Wang [34] proposes a method by the use of spatial operator *Σ* to capture interval between the minimum bounding boxes of two spatial entities. This method apparently removes precise spatial description, between entities. The operator indicates there is a space between the two entities that could be either disjoint, near or far. Given a description like *Σ*
*femur*
*Σ*
*metanephros*
*Σ*, it led to spatial knowledge that *femur* and *metanephros* are disjoint, but it led to uncertainty as to whether these two spatial entities are near or are they far to one another.

Yang and Zhongjian [35] propose an image representation structure using the Mixed Graph Structure (MGS). They demonstrate their method on medical images. The method first extracts spatial entities as primitives. These spatial entities are then organised into a mixed graph structure according to their spatial relations. The approach uses only two types of spatial relations, which are *inclusion* and *adjacency*.

Overall, most image description and mapping approaches in [29, 31, 34] use spatial relations of entities in an image. Methods in [32, 33] account on both topological and directional relations of spatial entities. Approaches in [30, 33, 35] represent images as graphs. The graphs conceptualise spatial relations between entities and then solve the mapping as graph matching problem.
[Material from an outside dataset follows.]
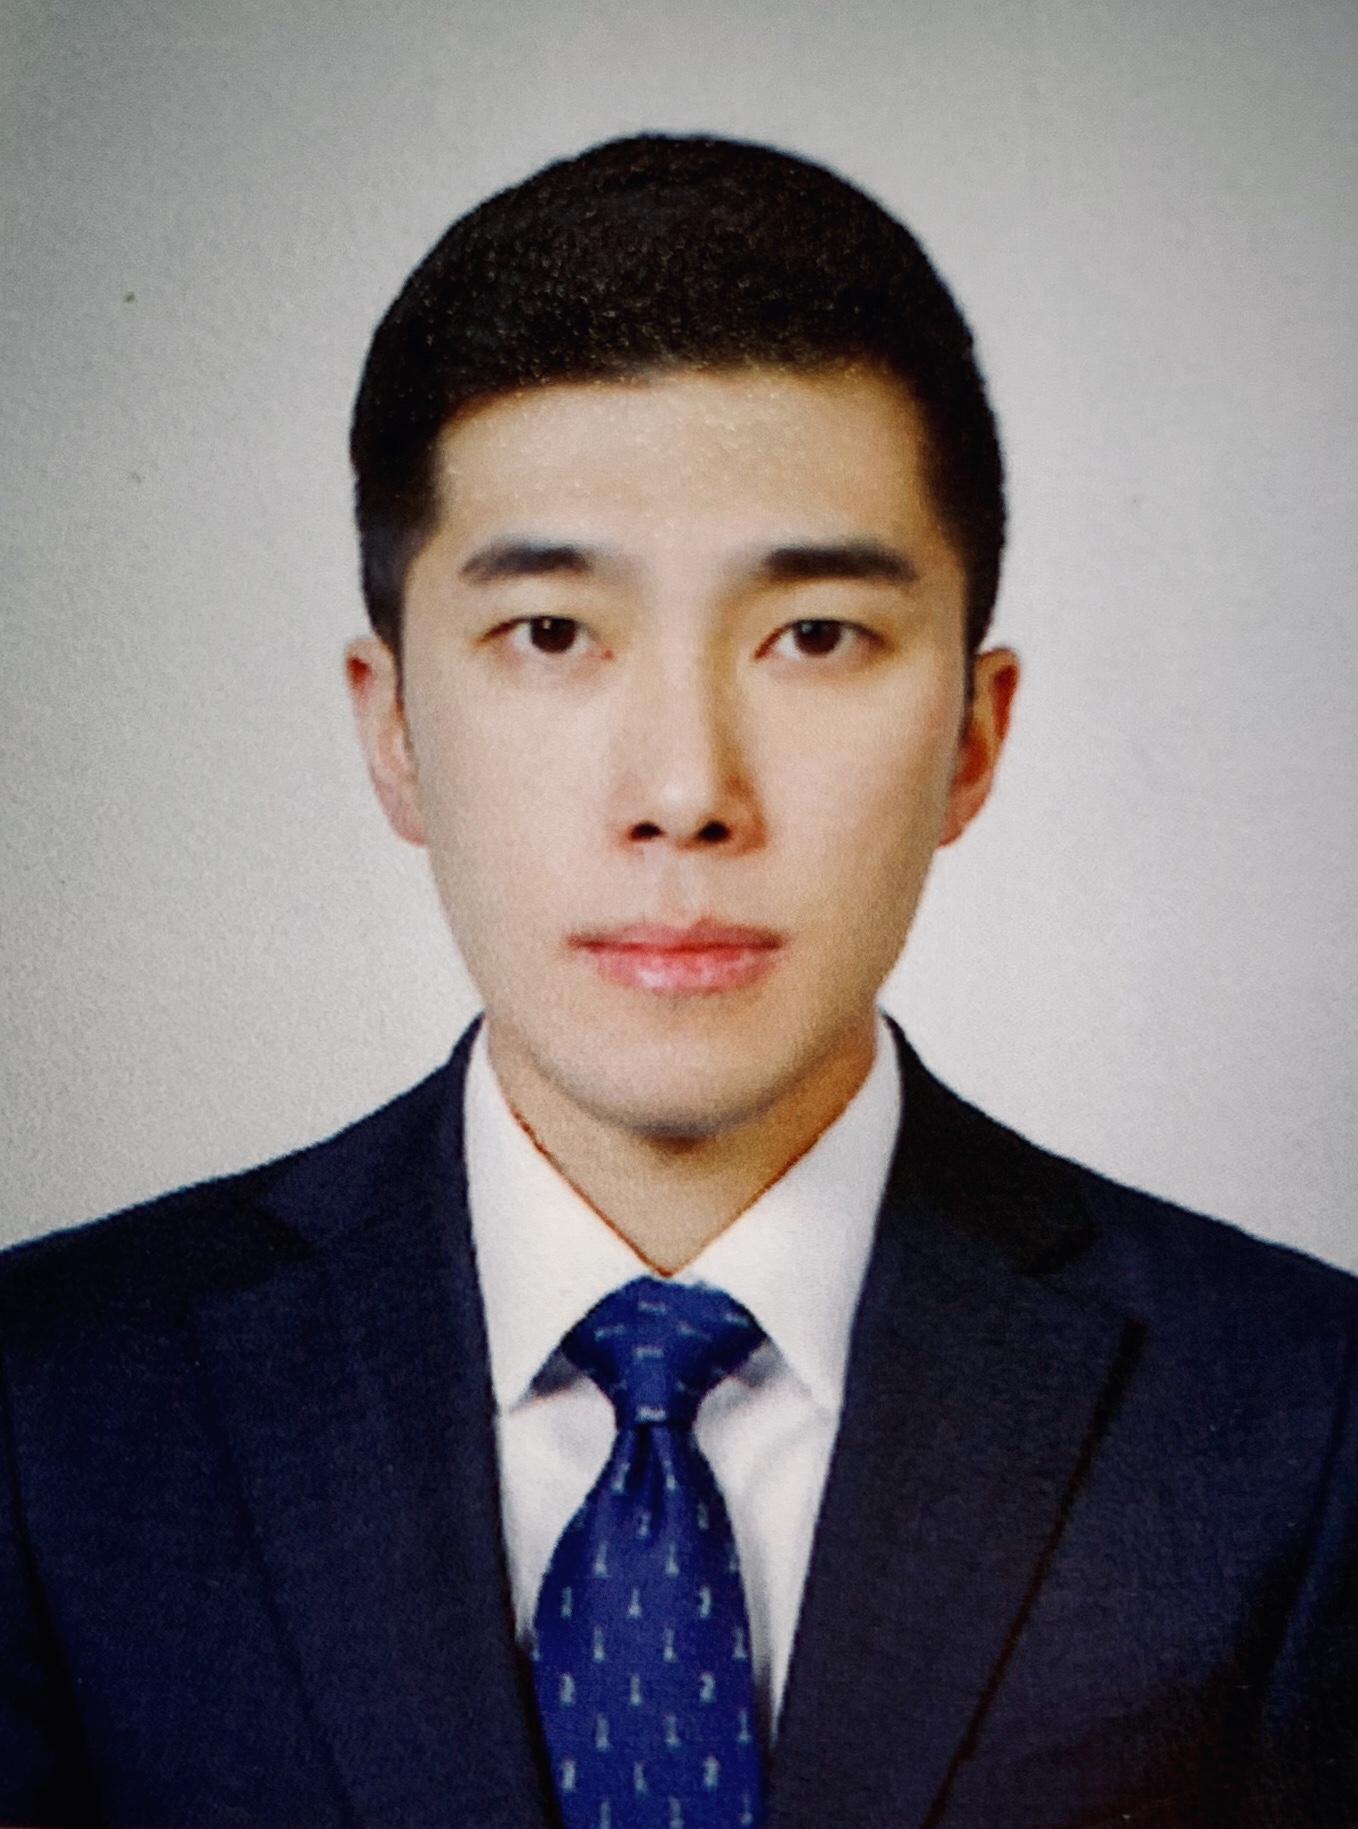 (사진) MBC 김동세 증명사진.jpg

#### Fiducial points as mapping primitives

Some image processing-based mappings use fiducial points as the mapping primitive, where these algorithms use a set of fiducial points to determine corresponding anatomical regions between images. Fiducial points are anatomical landmarks in the anatomy that experts use to determine biologically meaningful correspondence between structures [36]. Two images are then aligned to one another by knowing pairs of corresponding fiducial points in each image. These fiducial points are typically located at the contours of the images or points of high curvature like corners of objects, for instance. Because there is currently no standardized set of fiducial points, this comparative study aims to identify examples of fiducial points that have been detected. Further research is needed to determine the best combination of fiducial points necessary to conceptualise anatomical space of an image to guide the mapping process. Getting high accuracy with a large number of fiducial points is not the goal.
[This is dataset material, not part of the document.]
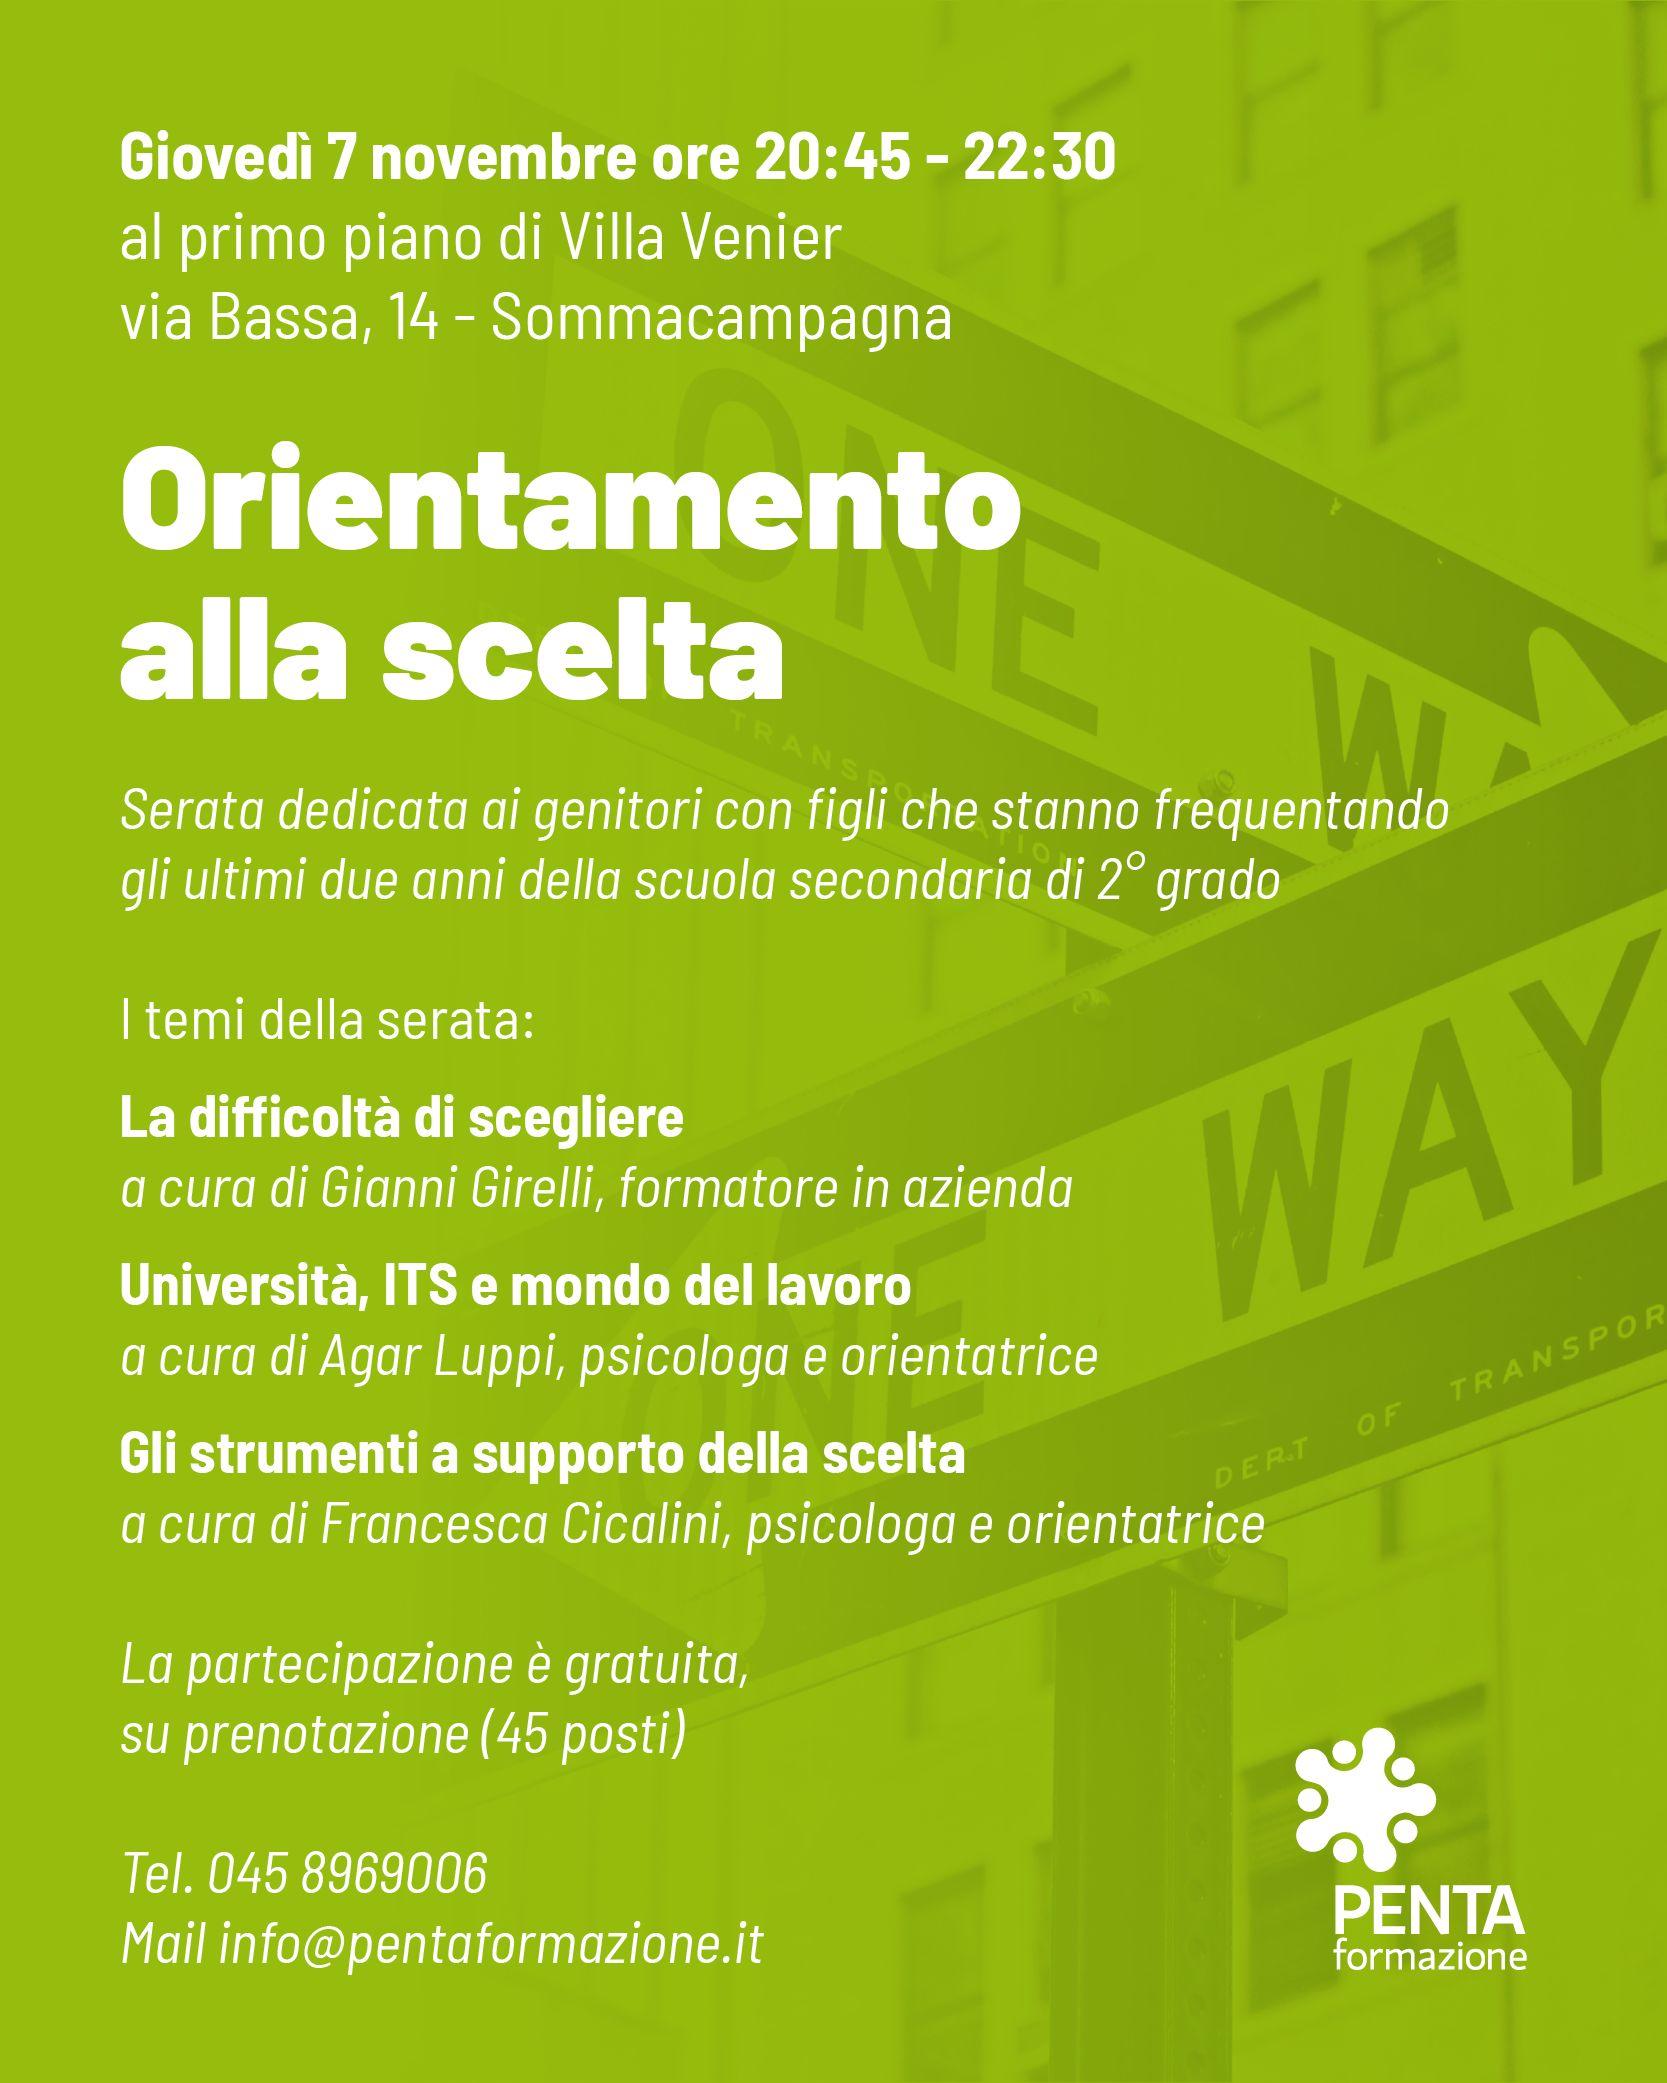 Orientamento alla scelta dopo il Liceo - Giovedì 7 novembre (Villa Venier)

Georgescu *et al.*[37] propose a machine learning method to detect fiducial points on a large set of ultrasound heart images in medical databases. These heart images have large variation in appearance and shape. Detection of fiducial points and anatomical regions involved a two-step learning problem – structure detection and shape inference.
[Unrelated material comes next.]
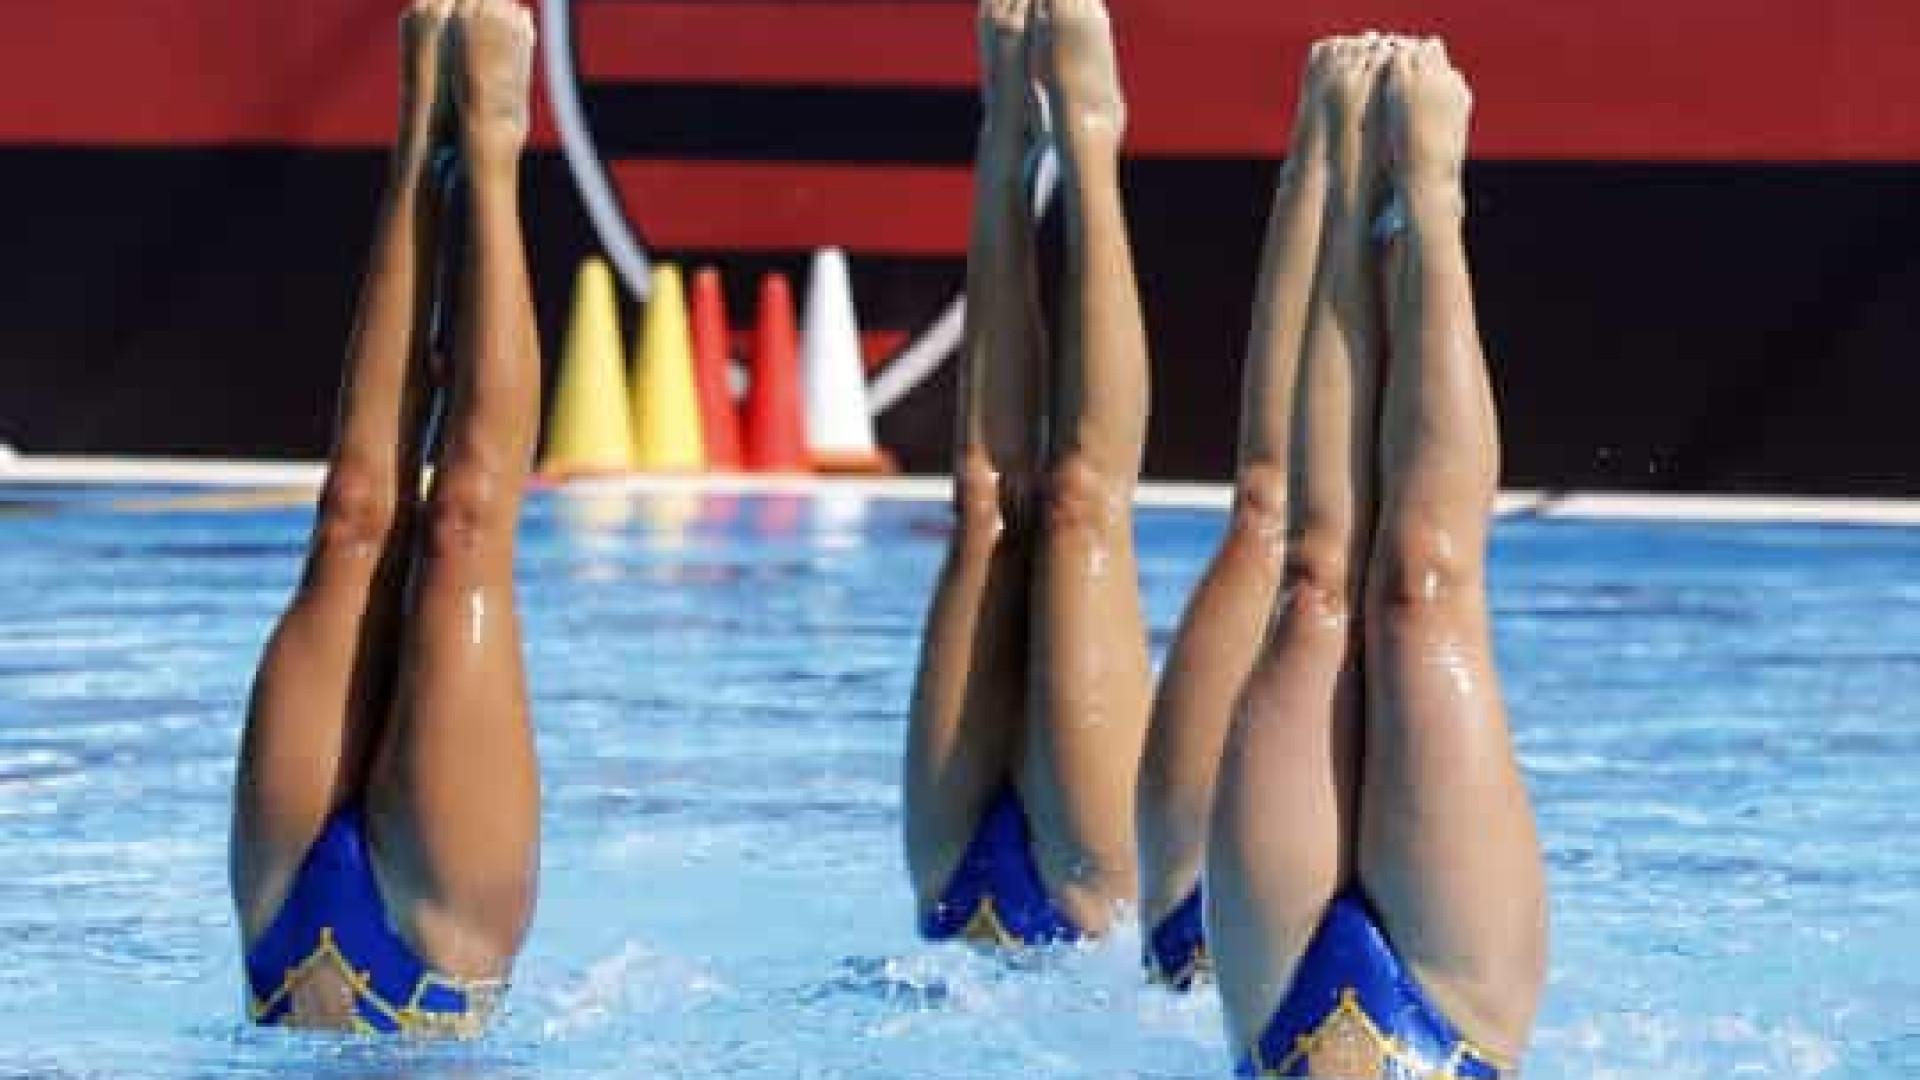 Nado artístico: três amigas disputam vaga no dueto do Pré-olímpico

Potesil *et al.*[38] and Seifert *et al.*[39] provide recent examples on research work involving segmentation of fiducial points and the corresponding anatomical regions. Potesil *et al.*[38] proposed a method to detect 22 fiducial points based on dense matching of parts-based graphical models. These fiducial points are C2 vertebra, C7 vertebra, top of the sternum, top right lung, top left lung, aortic arch, carina, lowest point of sternum (ribs), lowest point of sternum (tip), Th12 vertebra, top right kidney, bottom right kidney, top left kidney, bottom left kidney, L5 vertebra, right spina iliaca anterior superior, left spina iliaca anterior superior, right head of femur, left head of femur, symphysis, os coccygeum, and center of bladder.

Seifert *et al.*[39] proposed a method for the localization of 19 fiducial points for whole-body scan. These fiducial points are left and right lung tips, left and right humerus heads, bronchial bifurcation, left and right shoulder blade tips, inner left and right clavicle tips, sternum tip bottom, aortic arch, left and right endpoints of rib 11, bottom front and back of the L5 vertebra, coccyx, pubic symphysis top and the left and right front corners of the hip bone. They also have trained ten anatomical region centers – four heart chambers, liver, kidneys, spleen, prostate and bladder.

These fiducial points are useful to estimate anatomical regions that are present, as well as their most probable locations and boundaries in an image [39]. Subsequently, these fiducial points can be used to establish reliable correspondences between anatomical regions across different images.